Their opportunity came sooner than they had hoped for—or wanted. It was about three o'clock in the morning when the telephone warning hummed loudly through the ship. Arcot answered.

Far to the east and south of them the line of scout planes that patrolled all the borders of Lanor had been broken. Instantaneously, it seemed, out of the dark, its lights obscured, the mighty Kaxorian craft had come, striking a tiny scout plane head on, destroying it utterly before the scout had a chance to turn from the path of the titanic ship. But even as the plane spun downward, the pilot had managed to release a magnesium flare, a blindingly brilliant light that floated down on a parachute, and in the blaze of the white light it gave off, the other scouts at a few miles distance had seen the mighty bulk of the Kaxorian plane. At once they had dropped to the ground and then, by telephone lines, had sent their report to far off Sonor.

In moments the interior of the Solarite became a scene of swift purposeful activity. All day the Terrestrians had been able to do so little in preparation for the conflict they knew must come, the battle for two worlds. They had wanted action, but they had no weapons except their invisibility and the atomic hydrogen. It would not sink a plane. It would only break open its armor, and they hoped, paralyze its crew. And on this alone they must pin their hopes.


VI

Arcot lifted the Solarite at once high into the air, and started toward the point on the border, where the plane had been seen crossing. In a short time Wade relieved him at the controls while he dressed.

They had been flying on in silence for about an hour, when suddenly Wade made out in the distance the great bulk of the plane, against the dull gray of the clouds, a mile or so above them. It seemed some monstrous black bat flying there against the sky, but down to the sensitive microphone on the side of the Solarite came the drone of the hundred mighty propellers as the great plane forged swiftly along.

Just how rapidly these giants moved, Arcot had not appreciated until he attempted to overtake this one. It was going over a mile a second now—a speed that demanded only that it move its own length in about five-eights of a second!

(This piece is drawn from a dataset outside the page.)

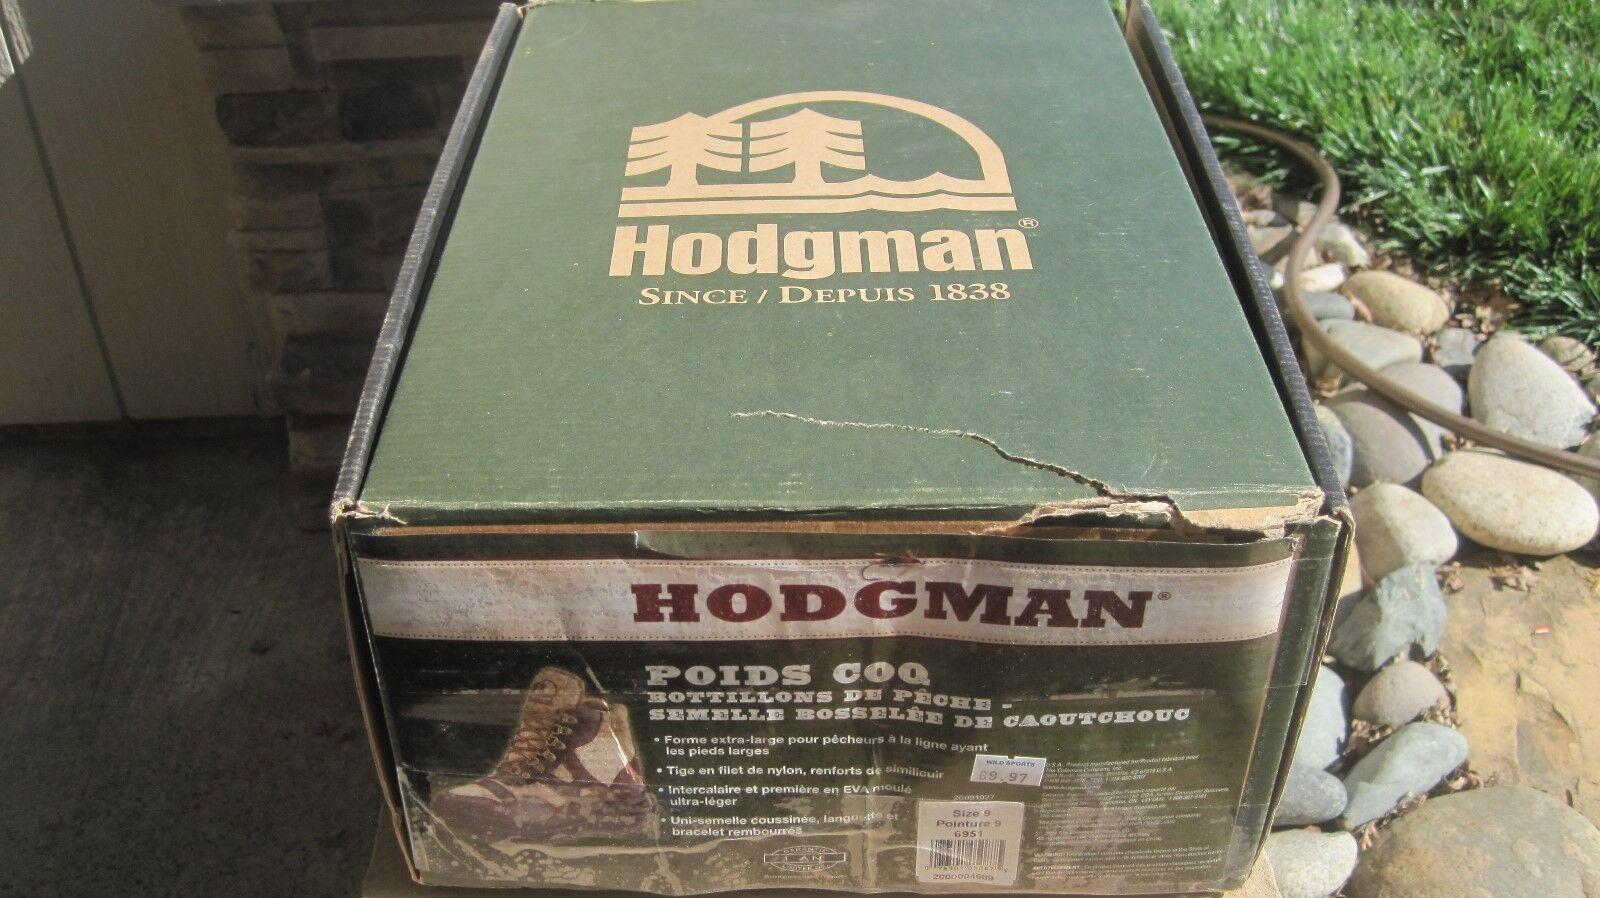 Hodgman Poids COQ Wading scarpe Rubber Nipple Sole 6951 marrone Uomo 9 NEW

It made this tremendous speed by streamlining and through sheer power.

The Solarite hovered high above the dark ship at length, the roar of the terrific air blast from its propellers below coming up to them as a mighty wave of sound that made their own craft tremble! The hundred gigantic propellers roaring below, however, would distribute their gas perfectly.

“We're going invisible,” Arcot exclaimed. “Look out!” There was a click as the switch shut, and the Solarite was as transparent as the air above it. Arcot drove his ship swiftly, above and ahead of the mighty colossus, then released the gas. There was a low hiss from the power room, barely detectable despite the vacuum that shut them off from the roar of the Kaxorian plane. The microphone had long since been disconnected. Out of the gas vent streamed a cloud of purplish gas, becoming faintly visible as it left the influence of the invisibility apparatus, but only to those who knew where to look for it. The men in that mighty plane could not see it as their machine bore down into the little cloud of gas.